Z weselszych wiesci szwagierka w ciazy wiec w koncu nareszcie moje dzieci beda mialy jakiegos kuzyna/kuzynke blizszego niz 10 woda po kisielu.
Mlodemu znalazlam nowego nauczyciela gitary, jest to lokalny gitarzysta jazzowy. Trzymam kciuki by nauczyl mlodego swobody grania i opuszczenia palcy na strunach...
Czytam Doctor Sleep Kinga, Mikolaj mi zostawil w prezencie. Poczatek byl swietny, a teraz jestem troche znudzona, King z"" miszcza "" grozy postanowil sie chyba przeksztalcic w miszcza dewiacji seksualnych. Szkoda. Jest to ciag dalszy Lsnienia, BTW.

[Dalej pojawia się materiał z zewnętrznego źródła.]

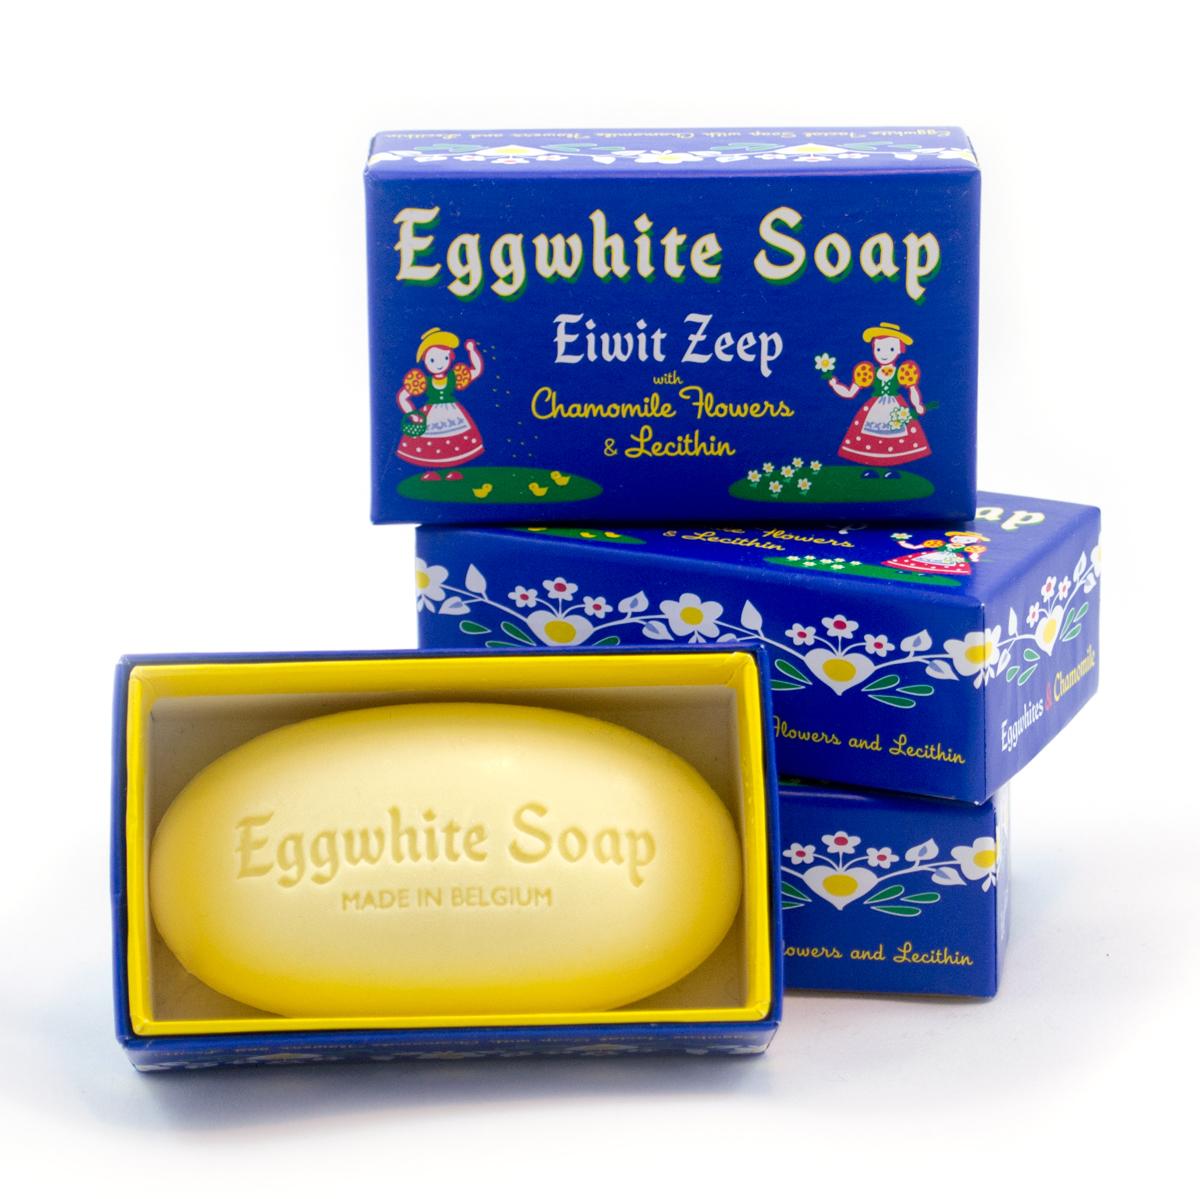 Eggwhite-Soap-1.jpg

Z niecierpliwoscia wyczekuje styczen i nowy rok, wzgledny powrot do normalnosci. Troche mina mi rzednie jak pomysle, ze czeka mnie wizyta u tesciow w Serbii, ale damy rade. Planuje tez kilka wypraw tu i tam ale zobaczymy co z tego wyniknie.

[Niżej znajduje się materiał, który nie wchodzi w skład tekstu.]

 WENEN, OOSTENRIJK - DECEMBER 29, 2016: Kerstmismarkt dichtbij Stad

No i duzo pracy mnie czeka, bo wracam na uczelnie...
No to hepi niu ir, Kochani, i oby nam sie dobrze dzialo <3

2 comments:

  1. Tobie też szczęśliwego nowego roku :) mam nadzieję, że K. odnajdzie frajdę w grze na gitarze :) laptop spalony to niestety znana i nam przypadłość, nie zazdroszczę. A Kinga ostatnio dwa miesiące temu czytałam - Pod kopułą. Jeszcze trzymał poziom, ale słyszałam, że już leci schematem niestety.
    M.

    ReplyDelete
    Replies
    1. ja musze sprawdzic co hronologicznie bylo ostatnim dzielem jakie przeczytalam przed Doctor Sleep.